İnsanların sınırlı beyin EM alanı ileri düzeyler ile senkronize olamaz. Biz bunca yıl sonra olamıyoruz, nerede kaldı kaygı içinde “bana cin saldırdı” diyen kişi? İnsanların cinleri, yani insana saldıran, saldırdığı sanılan, cinler insan beyni tarafından var edilen radyasyonlardır. Düşünmez, inanılmazlarsa alan dağılır, cin yok olur gider. Oysa filmler ve kitaplar bunun tersini empoze etmektedirler.
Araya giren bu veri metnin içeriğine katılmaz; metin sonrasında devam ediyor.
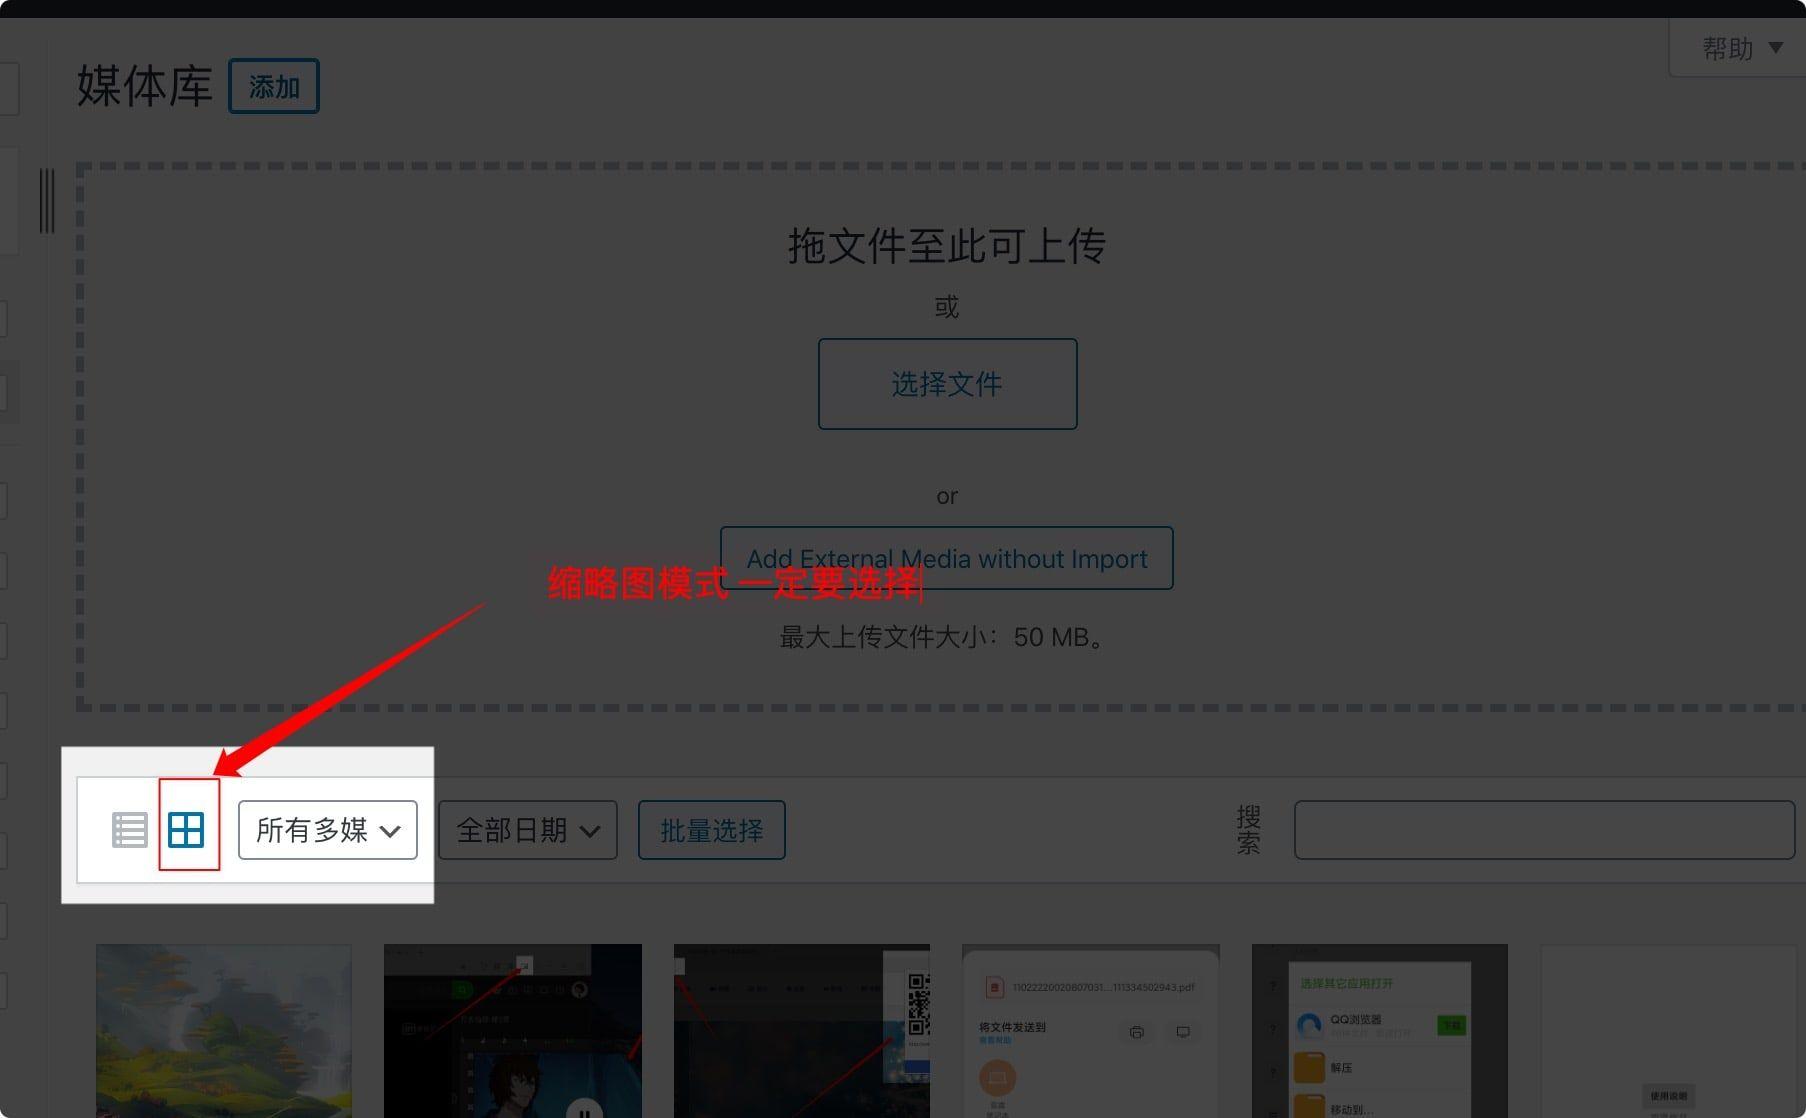 5e57941993dc6 - External Media without Import 上传图片自动跳转页面

“Cinlerin dahi derslerinizde nasil yaratilacagini ögrettiginizi söylemissiniz. Bundan nasil emin olabiliyoruz.”
Giderek gelişmelerinden ve zaman içinde yakın iki arkadaş gibi konuşmamızdan emin oluyorum. :) Şaka bir yana, eğitimde önce bilimsel bazlı teorik veriler sunuyoruz. Sonra partiğe geçiyoruz. Bence teorik bölümde yansıtılan bilgiler inanç sağlamaya hayli yeterli.

“varolan bir hüddami kendimize baglamis olabiliriz.”
Bu sözü söylediğiniz anda artık siz “varolan bir hüddami kendimize baglamissinızdır” ve bunu bizim değiştirmemiz, ya da benim yanıtlarımla değiştirmem kabil değildir. Neye inanırsanız onu yaşarsınız.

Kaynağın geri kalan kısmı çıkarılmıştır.